In June of 2008, the Cougars joined the Ohio Valley Conference as the only non-American-Style Football school among its ranks, replacing Samford after their departure for the Southern Conference. This made me feel a little better about a future at SIUE. The value of my future diploma went up as high as LeShaun Murphy on a dunk!
My freshman year in college marked our last year in D-II obscurity. In 2008-2009, the Cougars officially took off. They're still rising, attempting the transitional NCAA hurdles, hoping against hope to have the necessary pieces in place by 2012-2013, when the hallowed land of March Madness will finally be within reach.
Over this past summer, I was promoted to sports editor at SIUE's student newspaper, the Alestle, where I have worked since my first day of college. I made an executive decision to place extra emphasis on basketball (as opposed to some of our other collegiate sports) because this is Our Game. I make sure that I'm accompanied by a reporter and a photographer at each home game. I occasionally travel when economically possible, just to make sure I'm there for every step of this great basketball journey.
The majority of our student body remains apathetic when it comes to SIUE basketball. But the student section is emerging, the orange-clad Red Line supporters on campus are dwindling, and Cougar red is making its way out onto the quad and into the limelight. So I feel an editorial responsibility to help make and keep Cougar basketball relevant.
I love walking out onto the Vadalabene Center floor before a game now. I'm able to talk basketball with our sports information staff, our radio personalities and everyone involved in Cougar basketball. I can look up at those 10 banners acknowledging the teams in the Ohio Valley Conference -- as well as its torch logo on the court -- and the pride really hits me. To know first hand where SIUE has come from, its 14-year climb, makes every aspect of this transition more rewarding.

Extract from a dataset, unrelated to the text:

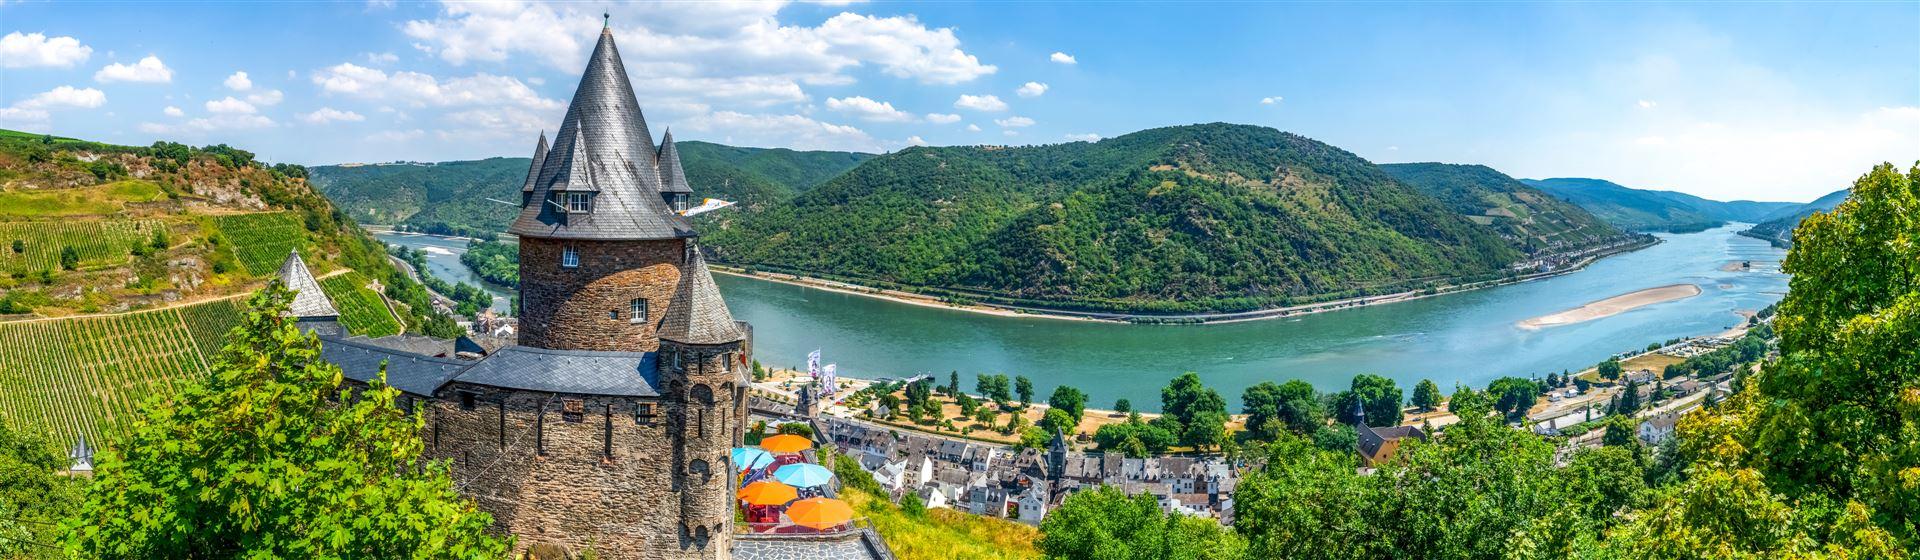 "<img src=""rhine-shutterstock_1143403328.jpeg"" alt=""The Rhine""/>"

The Cougars are 3-21 on the season, and have been pushed around a lot while trying to manage this independent, pre-OVC schedule. There are lots of 25 percent shooting nights, days when we're doubled up on the boards, and Osiris Eldrige or Kenneth Farried have done plenty of standing in our way. It's been frustrating, but the guarantee game money has been pouring in -- supplemented by a cameo or two on ESPNU. We are not there yet, but the foundation is in place at SIUE. We want to become a special place in the mid-majority.
When SIUE wraps up this season Feb. 25 against Hannibal LaGrange, an NAIA school, SIU Edwardsville will be halfway there. Two of the school's four transitional years will have been completed. Though the D-I hardwood has been unforgiving at times, the Cougars continue living on that prayer, and we'll continue rising for two more seasons.